#### [Data segment]
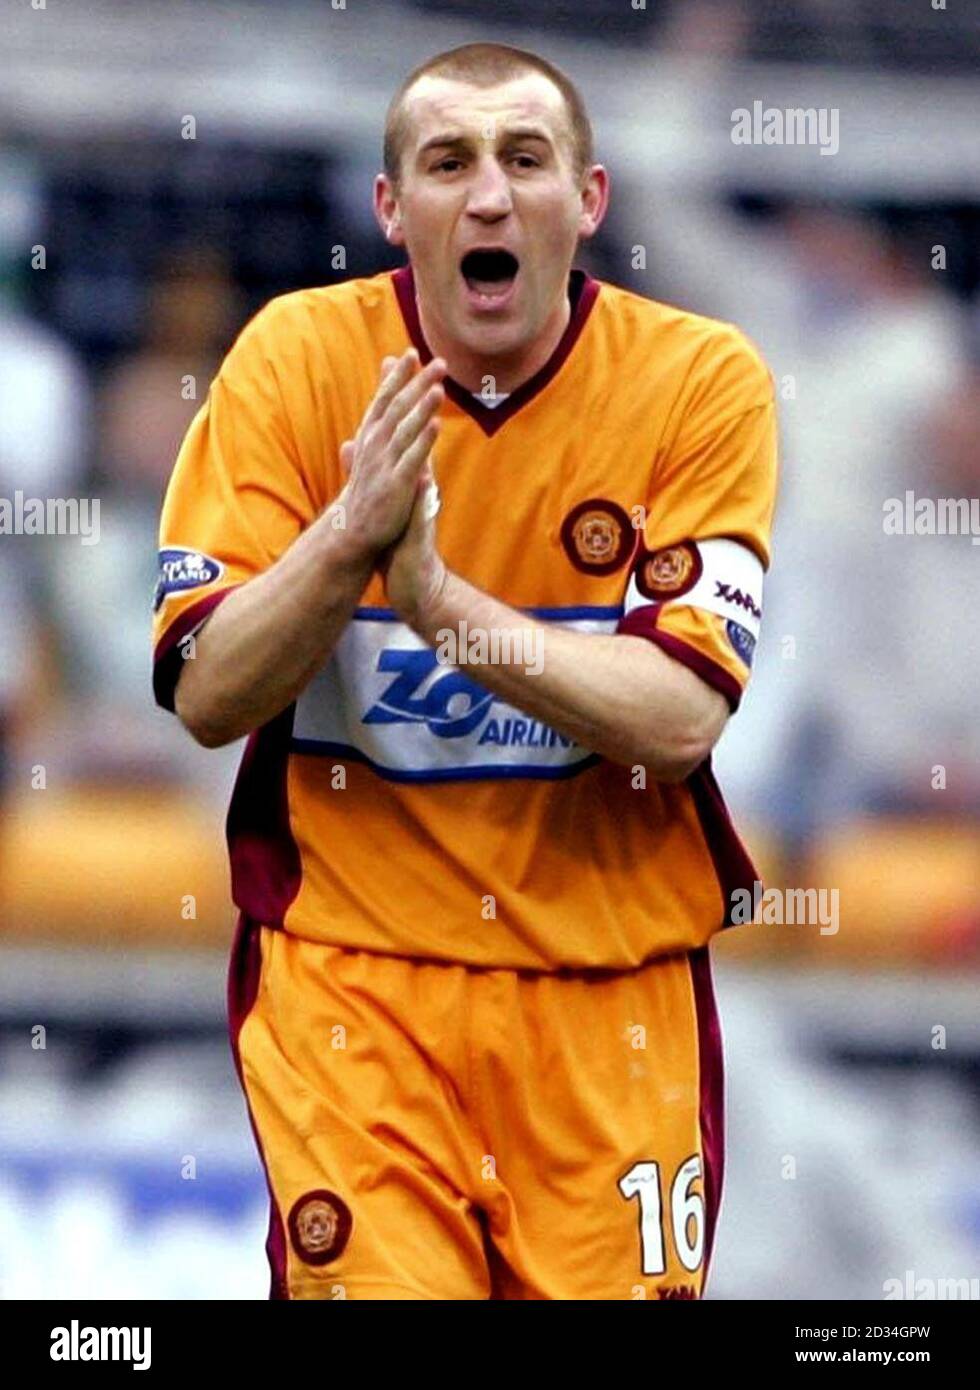 Motherwell's James Hamilton celebrates his goal against Celtic during the Bank of Scotland Premier League match at Fir Park, Motherwell, Sunday January 22, 2006. PRESS ASSOCIATION Photo. Photo credit should read: Danny Lawson/PA. ***EDITORIAL USE OINLY*** Stock Photo
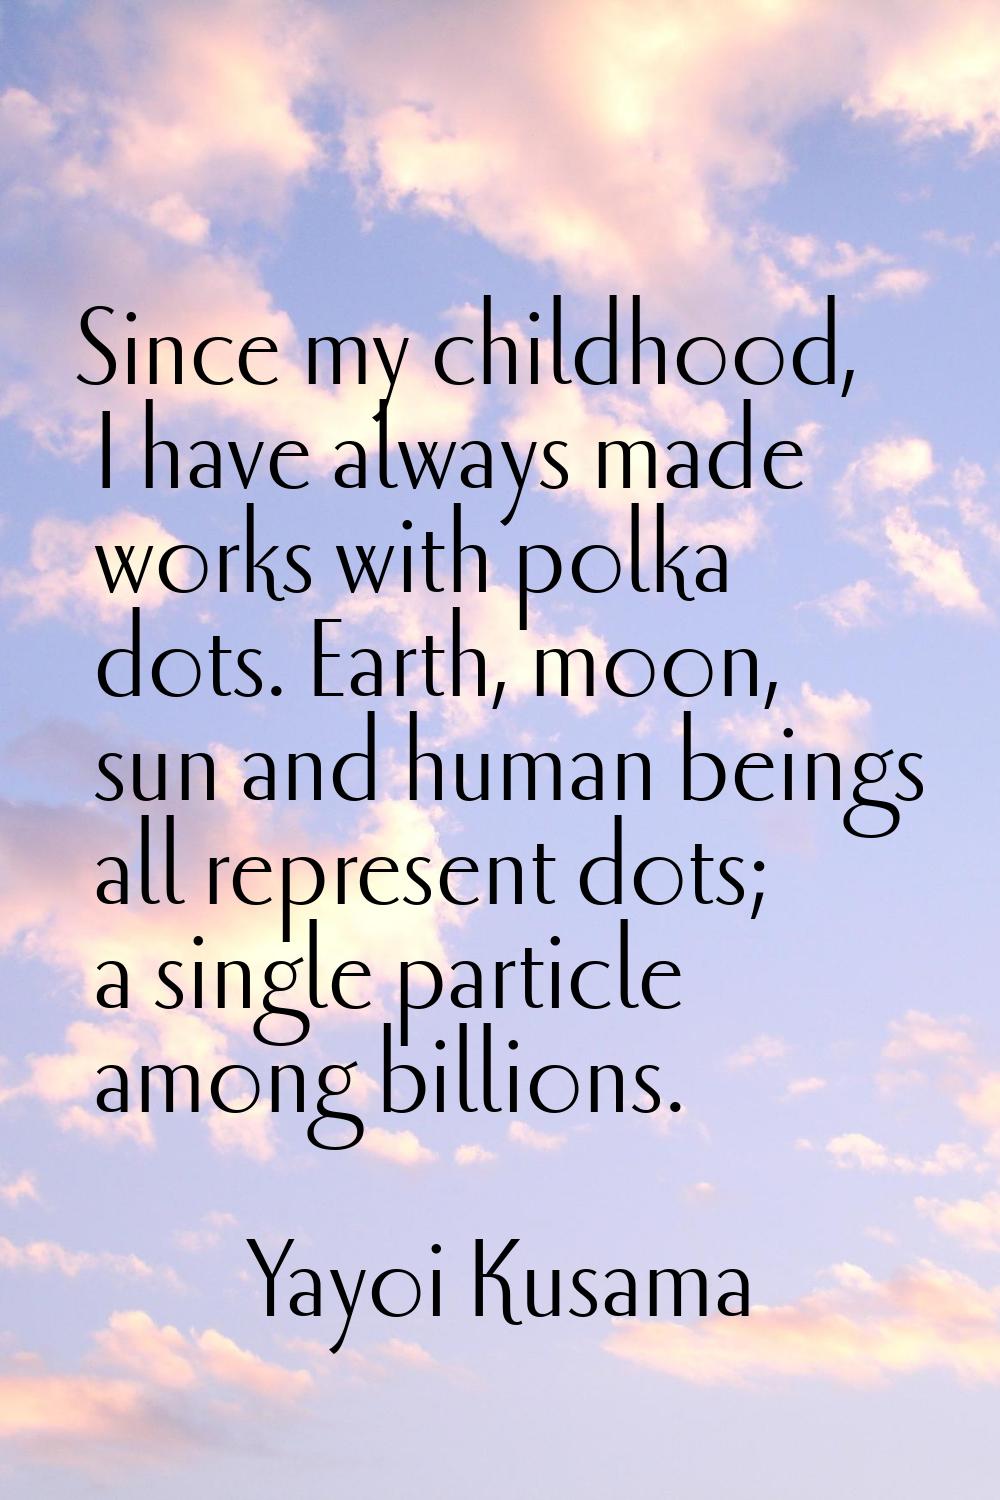 Since my childhood, I have always made works with polka dots. Earth, moon, sun and human beings all
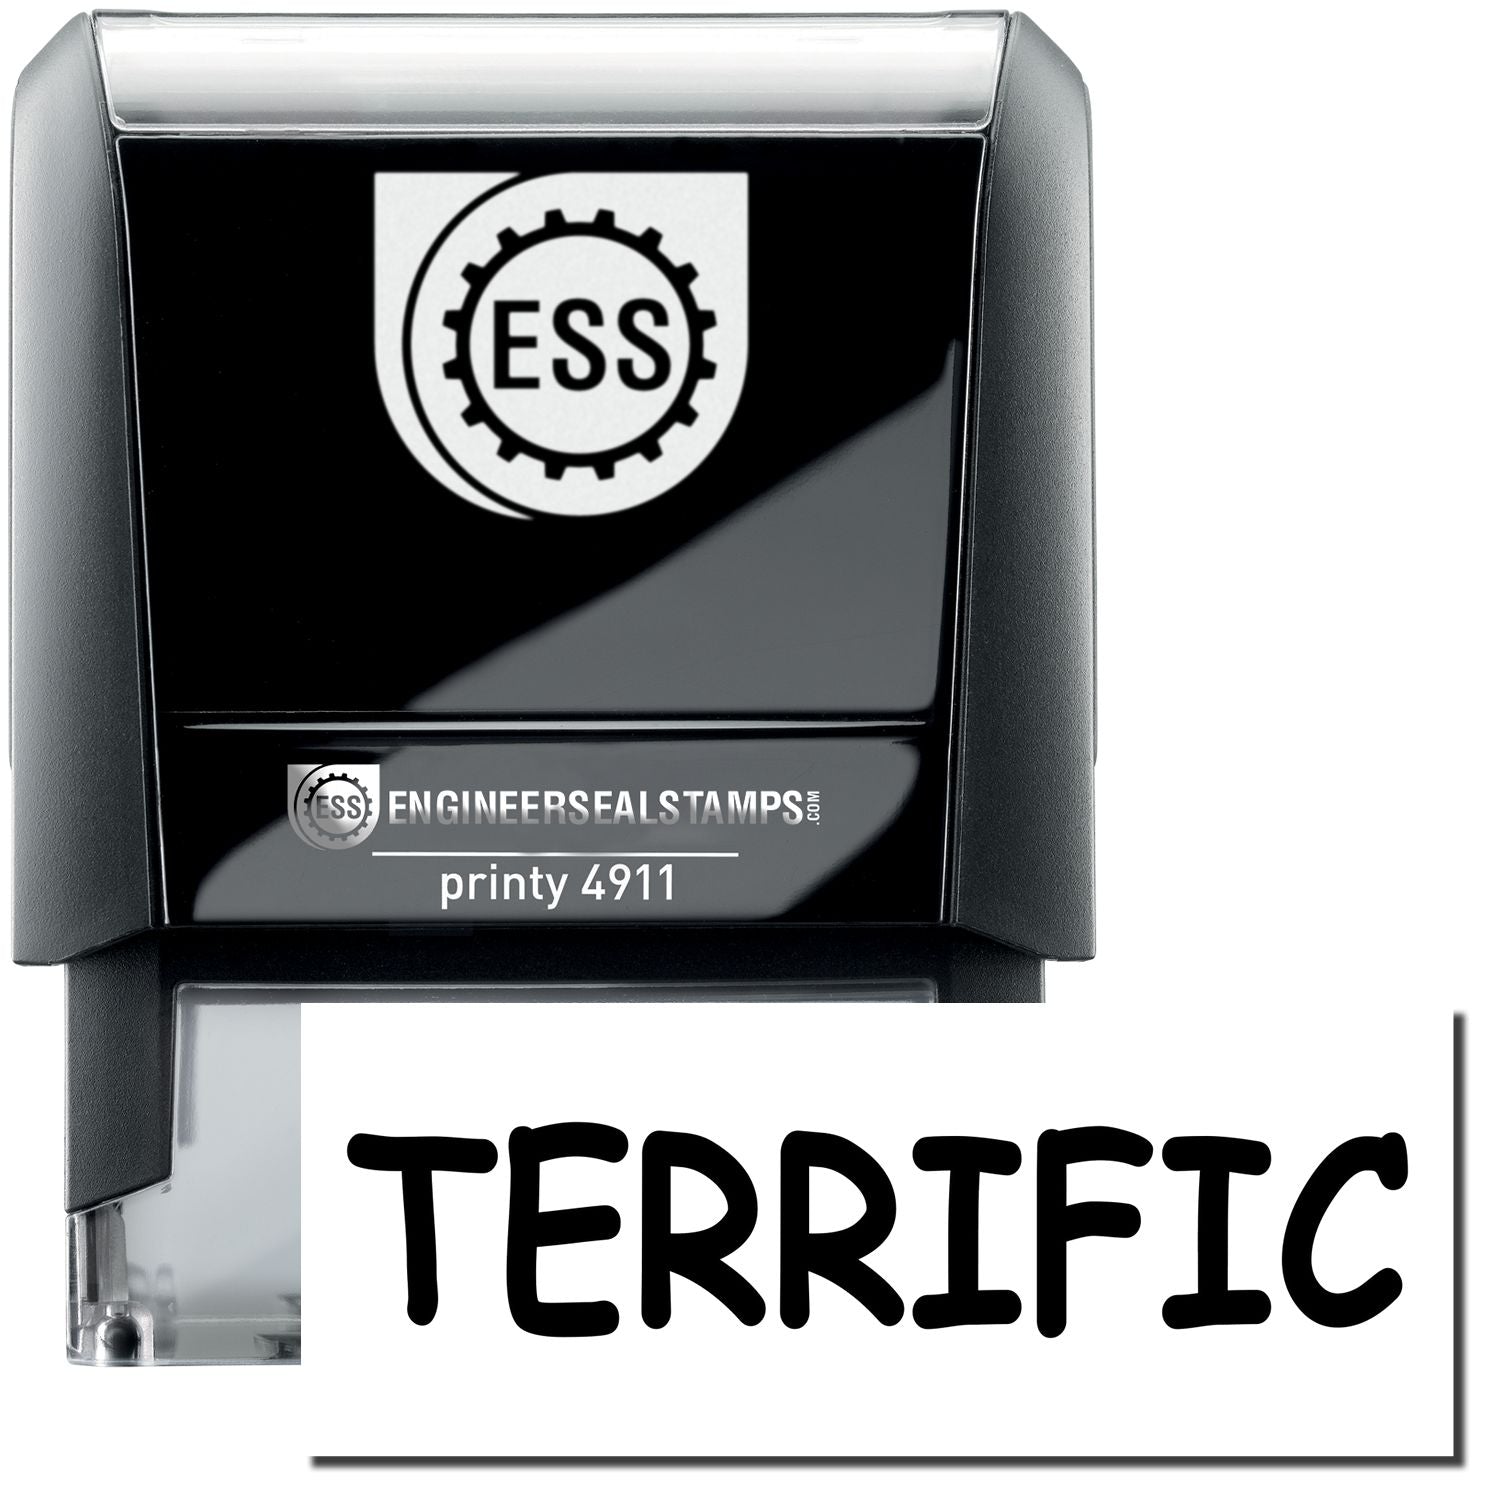 A self-inking stamp with a stamped image showing how the text "TERRIFIC" is displayed after stamping.

#### [What needs to be done]
Output the data exactly. Pictures don't belong in the result.

#### [Result of the exercise]
 Motherwell's James Hamilton celebrates his goal against Celtic during the Bank of Scotland Premier League match at Fir Park, Motherwell, Sunday January 22, 2006. PRESS ASSOCIATION Photo. Photo credit should read: Danny Lawson/PA. ***EDITORIAL USE OINLY*** Stock Photo
 Since my childhood, I have always made works with polka dots. Earth, moon, sun and human beings all
 A self-inking stamp with a stamped image showing how the text "TERRIFIC" is displayed after stamping.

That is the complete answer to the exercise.